To prawda, wtedy coraz więcej osób odzywało się do mnie z prośbą o realizację ich płyt. Twierdzili, że mam unikalny styl miksowania. Zacząłem też wchodzić w projekty, o których teraz, z perspektywy czasu wiem, że wchodzić nie powinienem. Jeszcze nie doceniałem tego czynnika ludzkiego i myślałem, że będę miał wystarczającą kontrolę na poziomie technicznym. Później przychodziło zdegustowanie, że musiałem miksować rzeczy, których nie czułem. Nie jestem typowym realizatorem, który podchodzi do swojej pracy jak rzemieślnik. Bardzo mocno angażuje się w każdy projekt, całym sobą wchodzę w proces miksu czy produkcji i często nie potrafię sprostać swoim własnym oczekiwaniom. Z drugiej strony przeżyłem szereg fascynujących spotkań, jak choćby z zespołem Apteka. Oni się u mnie pojawili, bo chcieli skorzystać z mojego doświadczenia elektronicznego, ale kiedy poszedłem na ich próbę to stwierdziłem, że to nie o elektronikę trzeba tam zadbać. Ich największą siłą była energia, jaka się między nimi tworzyła.
Przeceniałeś możliwości sprzętu?
Miałem etap bardzo mocnej fascynacji technologią i sprzętem.

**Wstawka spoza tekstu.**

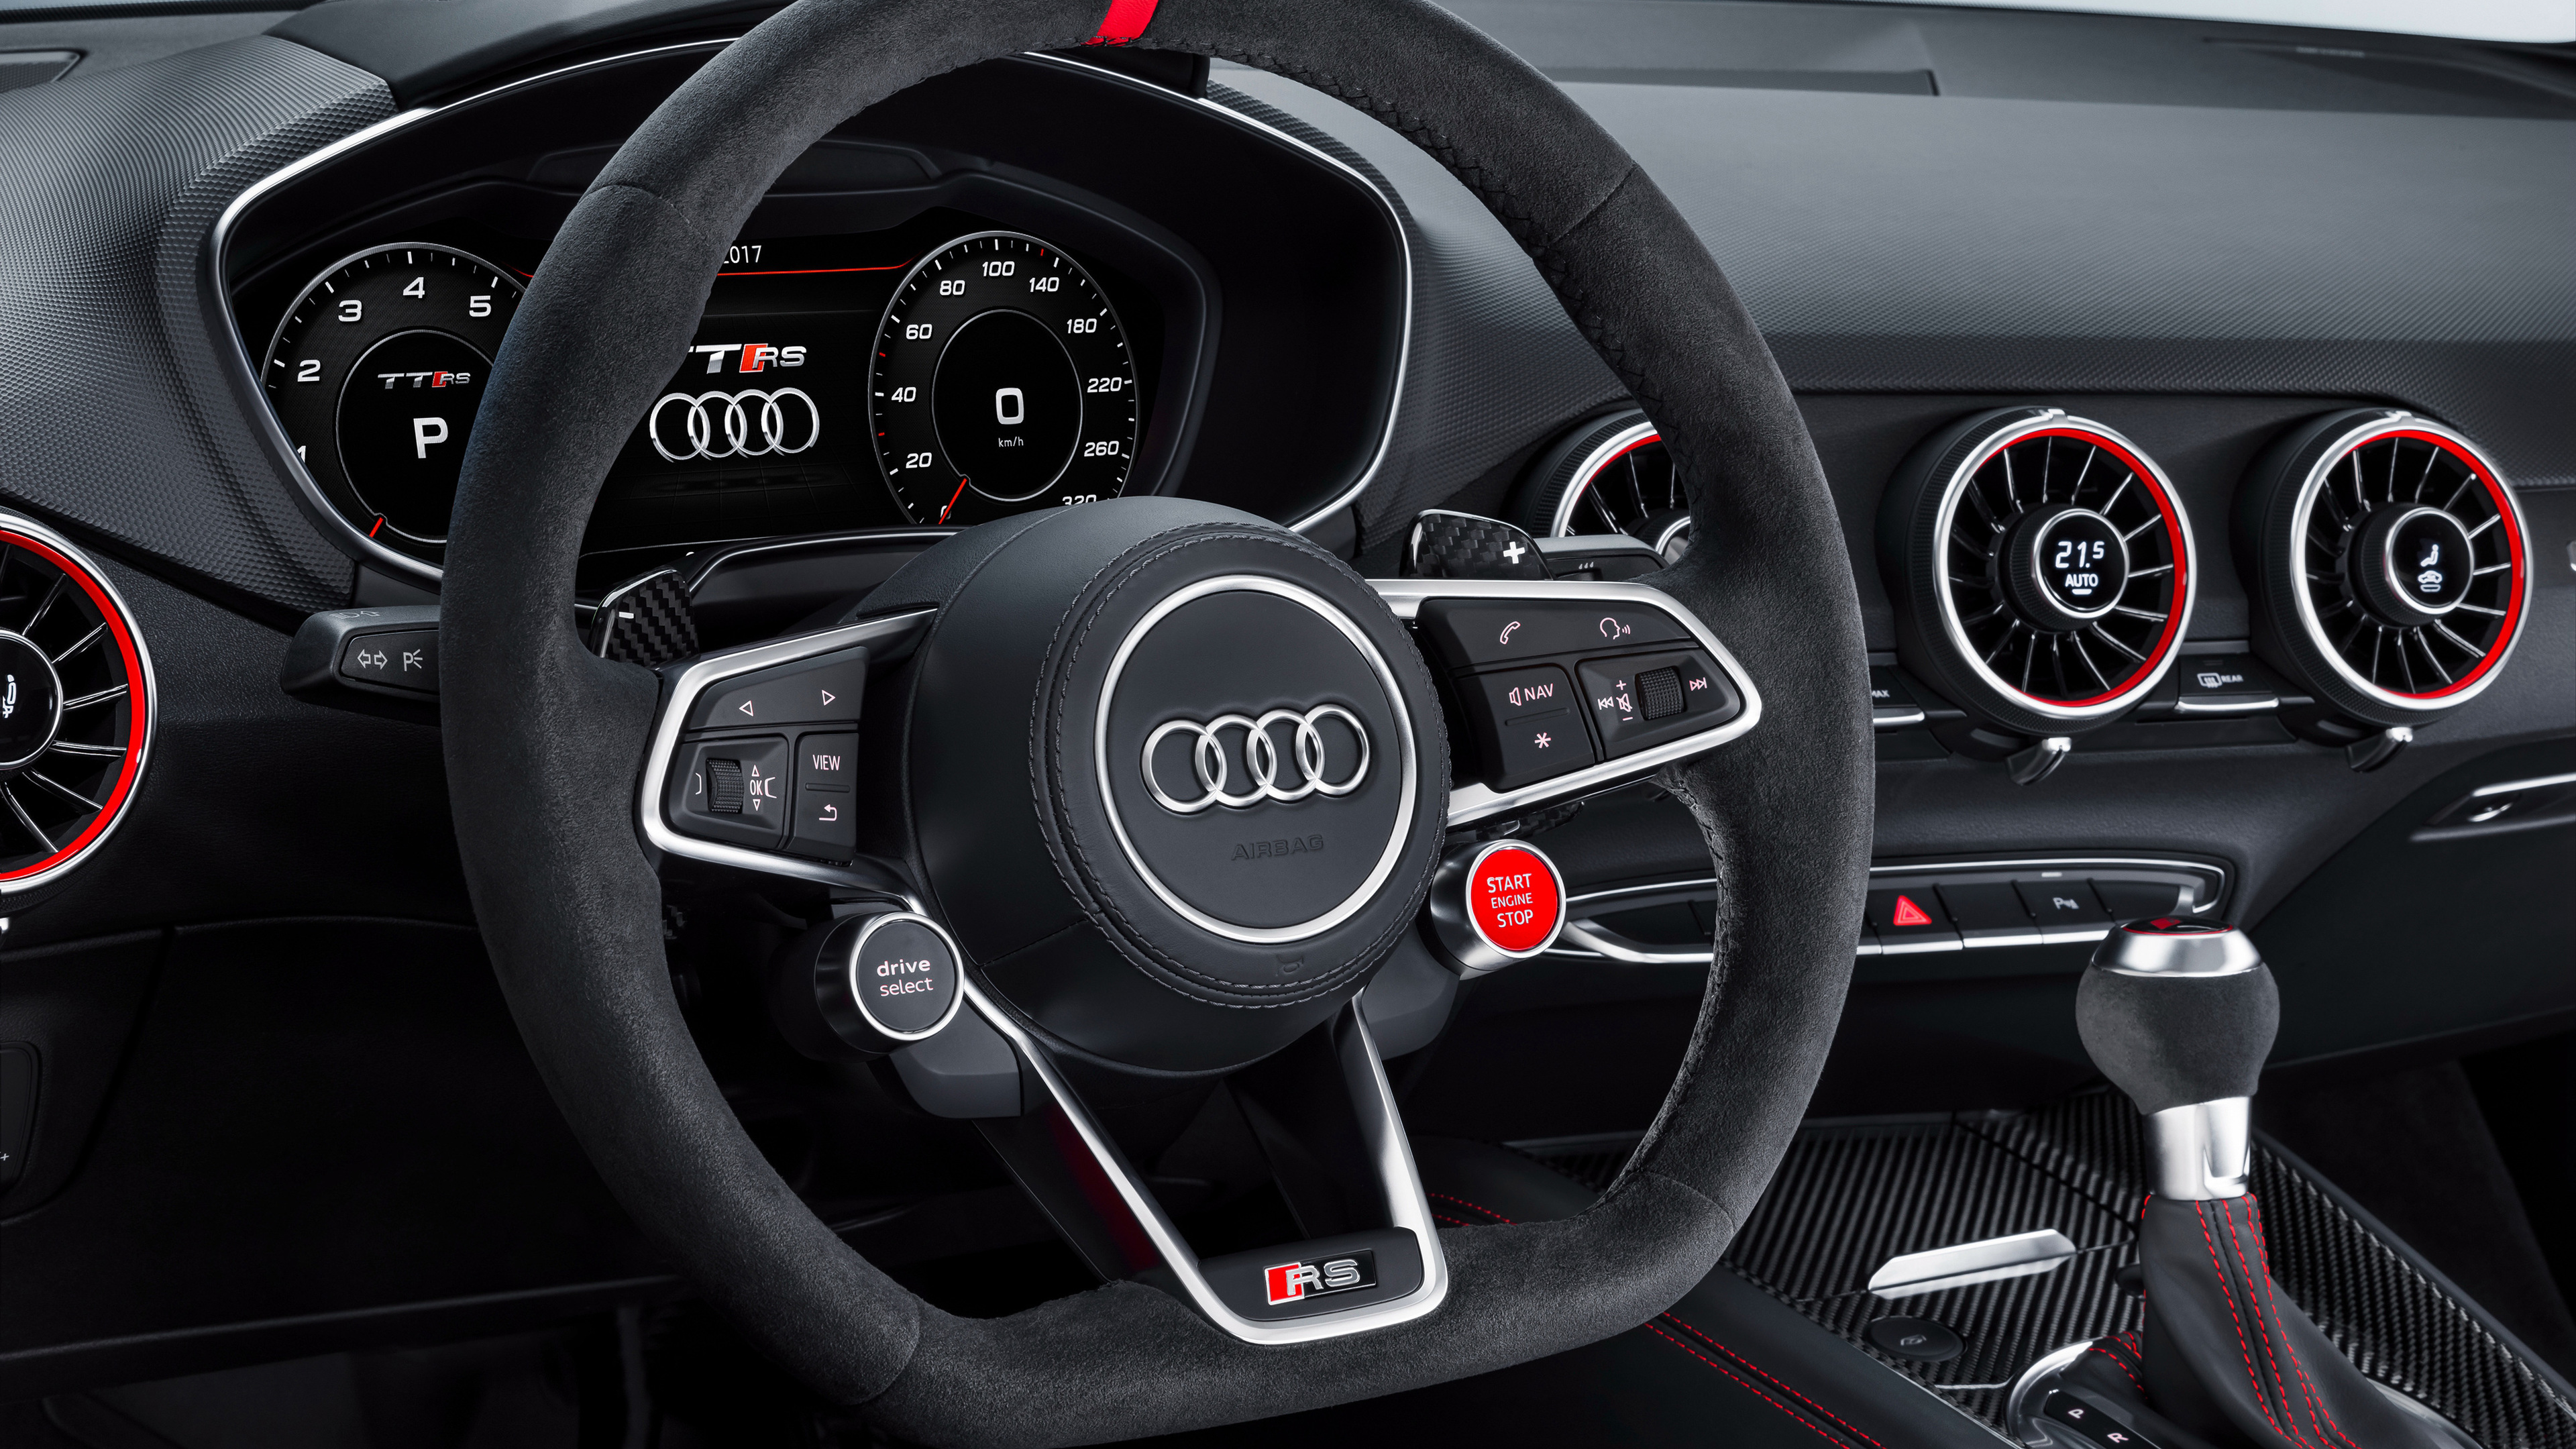 Audi Tt Rs 2017 Interior - Audi Tt 2017 Interior - HD Wallpaper

Byłem jednym z pierwszych, którzy ściągnęli do Polski urządzenia Universal Audio, w czym bardzo pomógł mi Piotr Ługowski z MBS. Wówczas królował biały TLAudio Ivory, który nie grzeszył jakością, ale taki „paździerz” też ma swoją pożyteczną stronę. Dzięki niemu zrozumiałem, że nie ma czegoś takiego jak jedno genialne urządzenie do wszystkiego. Ivory świetnie sprawdził się jako podstawowy preamp do basu w zespole Őszibarack, gdzie wykorzystałem perkusję Szpaderski. Ona również była fatalna brzmieniowo, ale połączenie tych dwóch nieciekawych brzmień tworzyło coś bardzo unikalnego. Przyznaję, że na sprzęt wydałem majątek, tylko po to, aby się nim trochę rozczarować. Dzisiaj mamy bardzo zaawansowaną technologię VST/AU i dzięki temu, że od lat pracuję na systemie hybrydowym jest mi łatwiej rozumieć urządzenia, które są pewną transkrypcją sprzętu na świat wirtualny. Dlatego też zalecam wszystkim pracę na dwóch poziomach. Wtedy mózg funkcjonuje inaczej i mamy jakiś punkt odniesienia.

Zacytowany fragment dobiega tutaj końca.